Chris and I had agreed that I would follow him for the first leg of the trip because he knew the route better. So I was just looking around, spotting hawks, looking at the blue sky painted with fluffy white clouds, enjoying the suprisingly cooler air, and thinking how pleasant it was with no wind. I was not paying attention to signs or speed, just making sure I stayed about the same distance behind Chris all the time. We were going into a curve to the right when I saw Chris brake hard because it was much sharper curve than expected. Then I noticed all of the gravel blanketing the highway. I hit my brakes hard because I knew I'd never make that curve at the speed I was going, even without the gravel. I started to skid and my rear wheel was sliding out to the side. This has never happened to me before, yet I was keenly aware that this was not a good thing. Had I not let go of the brakes and decided to go for the ditch at that moment, I would have laid her down on the highway and slid who-knows-how-far on my pretty pink leather jacket.
I picked a spot ahead of me, crossed the oncoming lane, and rode hard down into a deep ditch. I felt Daisy's shocks bottom out and my spine took care of the rest of the shock absorbsion. I raised up on my foot pegs, eased off of my throttle, rode up the other side of the ditch, apparently just missed a fence (I had tunnel vision and a little adrenaline flowing, and don't recall seeing that), over a driveway, and back up the ditch and onto the highway. Never stopped, never looked back.

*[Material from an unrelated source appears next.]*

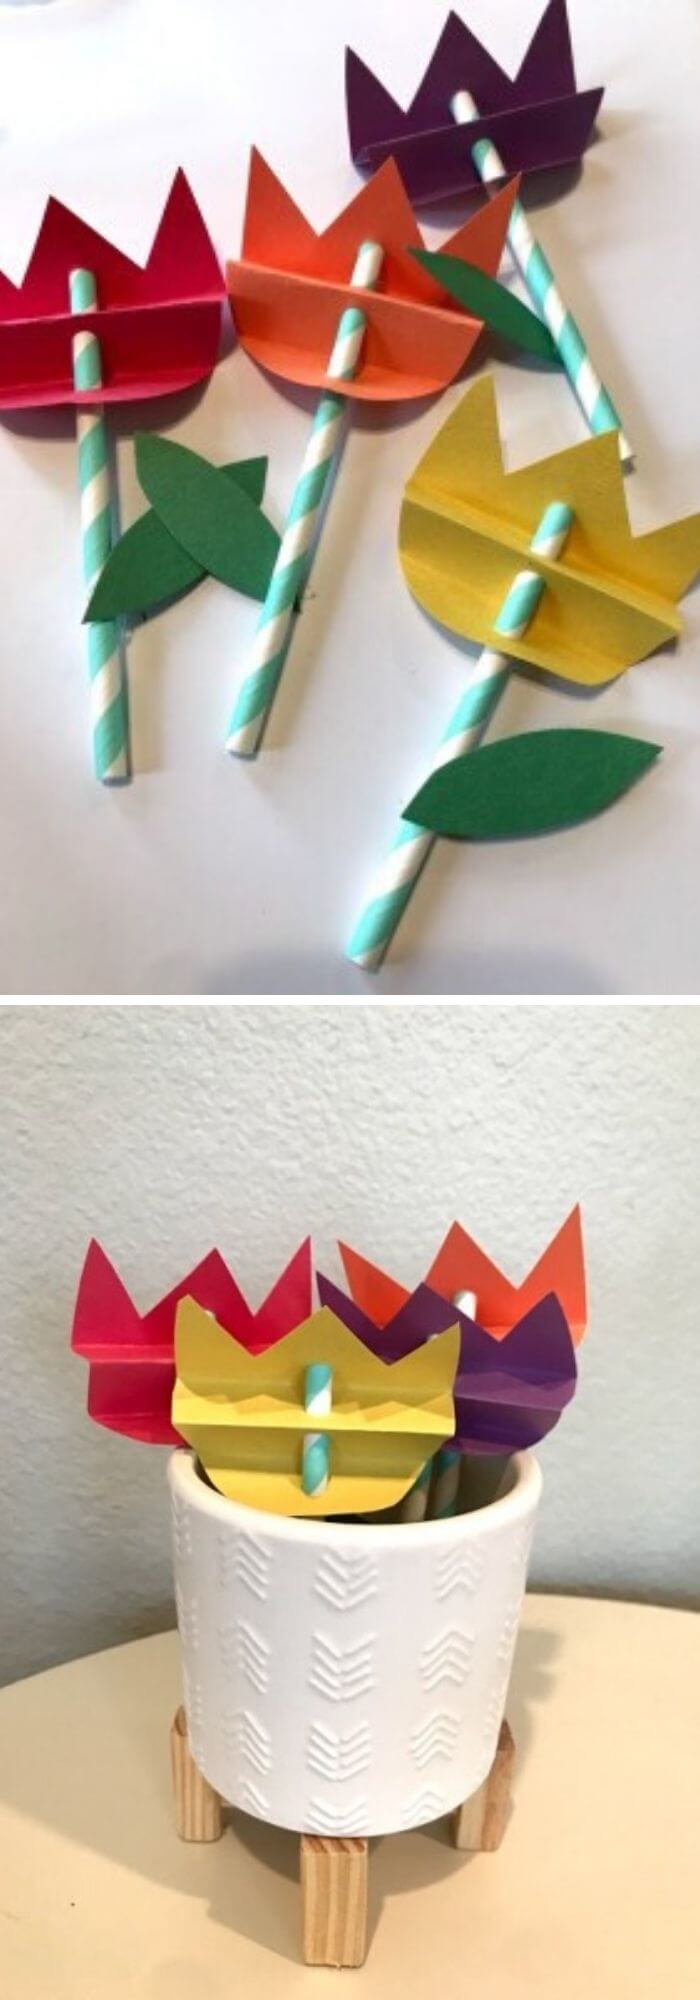 17 cool crafts for kids that adults will want to try

Chris saw the whole thing in his mirrors. He knew I was going too fast for the curve, he knew that I'd never make it with the gravel...and was at least somewhat relieved when he realized that I'd crash on grass. I'd be plenty broken up, but I wouldn't have road rash. Then he watched me disappear into the ditch, jump off the other side, miss the fence, and climb right back onto the highway with a huge smile on my face.
We pulled off of the highway, I let out a huge scream and then laughed hysterically for five minutes. Chris thought I may have actually been hysterical. We pulled back onto the highway once I had control of my maniacal laughter and within a few minutes I was pointing to pretty birds 300 feet up in the air. He wasn't amused.
On the trip we also saw one deer, two turkey vultures, and a dead porcupine. We found my sister's new house up in the woods and visited with she and her husband and my brother and his wife who happened to be visiting, also. It was wonderful. Melia's house is a dream. On a river. Ten acres of wooded land. Beautiful house with huge deck. A canoe. Set waaaaaayyyy off of the road. Heaven.
Oh, and by the river was the largest spider I've ever seen in the wild. It was the size of a turantula....and had a huge nest with little babies running around inside. If my photos do it justice, I'll show you.